Whatever tool or approach you take, in modular ELT it’s important to pick one that enables your analysts to take ownership of the transform step.

The Data Warehouse

No matter which data warehouse platform you’re using, “ownership” of the warehouse can be a challenge when different teams own Extract/Load and Transform duties. How you handle ownership is a result of team process as well as technology. Define process, and then leverage the features of your chosen warehouse platform to help enforce it.

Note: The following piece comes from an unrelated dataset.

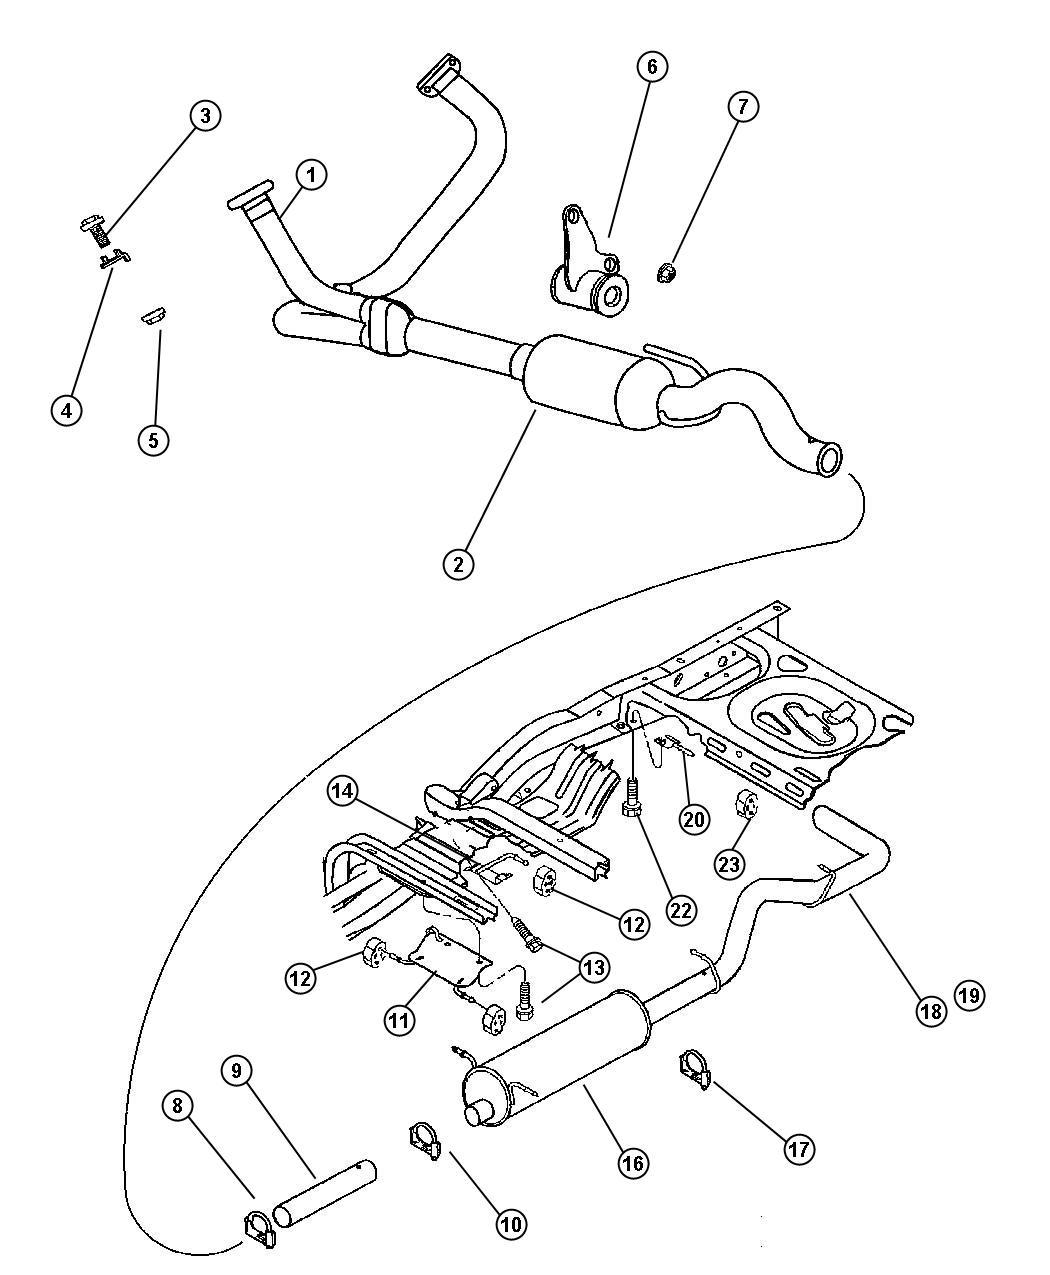 2001 Dodge Dakotum Exhaust Diagram

As far as technology goes, each of the popular platforms offer different ways to define ownership of objects in the database. Those using Redshift and BigQuery often load data in a “staging” schema and place the data models produced in the transform step into a “modeling” schema. With Snowflake, a team might create different warehouses for each team and even multiple per team.

Modular ELT Principals

As previously stated, we have two goals with modular ELT.

  1. Flexibility in choosing and changing products and vendors.
  2. Cleanly splitting the responsibility of moving data (Extract, Load) and modeling data (Transform) between data engineers and analysts.

With the more specific examples above in mind, flexibility might mean moving from a custom Extract/Load in Python to a commercial product like Stitch. Or perhaps you’d like to move from Redshift to Snowflake. Maybe you need to scale up your analysis capabilities but don’t want to hire more data engineers to do so. Though no change is without investment, consider the following principals of modular ELT to make it easier.

  1. Beware of using the same orchestration and scheduling workflows that you do for the Extract and Load steps for your Transforms. For example, you might be tempted to chain the transforms for each data model as operators in the same DAG in Airflow. As soon as you do, the data engineers and analysts will find their work painfully intertwined. Coordinate, but don’t create tight coupling.
  2. Clearly define which team owns testing and data validation at each point in the process. For example, there are certain validity checks such as checking for duplicate keys and for unexpected data volume. Put that on the team that owns the Extract and Load steps (usually Data Engineering). Assign validation on the final data models to the team that owns the Transforms.
  3. Choose tools that offer flexibility. Among other things, one reason teams choose a product like Stitch is the large number of data sources and destinations it supports. dbt is great because you can focus on writing great data models for any data warehouse platform. If you write custom code, do your best to create some abstraction between your code and external dependencies. They will change!
  4. Don’t prematurely optimize, but assume you’ll need to scale in the near-future. This is a both luxury afforded by modular ELT as well as a principal. Knowing that you can more easily swap out portions of your ELT process means that you can start with simpler and more affordable components and upgrade each individually as you scale. The same goes for your team. Maybe you need to pay more for commercial tooling before you can hire a data engineering team, but want to have the option to customize in the future when a team is in place.

Final Thoughts

A lot of the principals of modular ELT are the same as those for building complex software products. The difference, and opportunity, I see for data teams is two-fold. First we can bring together engineers, analysts and other data specialists efficiently. Second, the technology is finally available at an affordable cost to build a data infrastructure that supports your needs today and in the future with far less risk than ever before.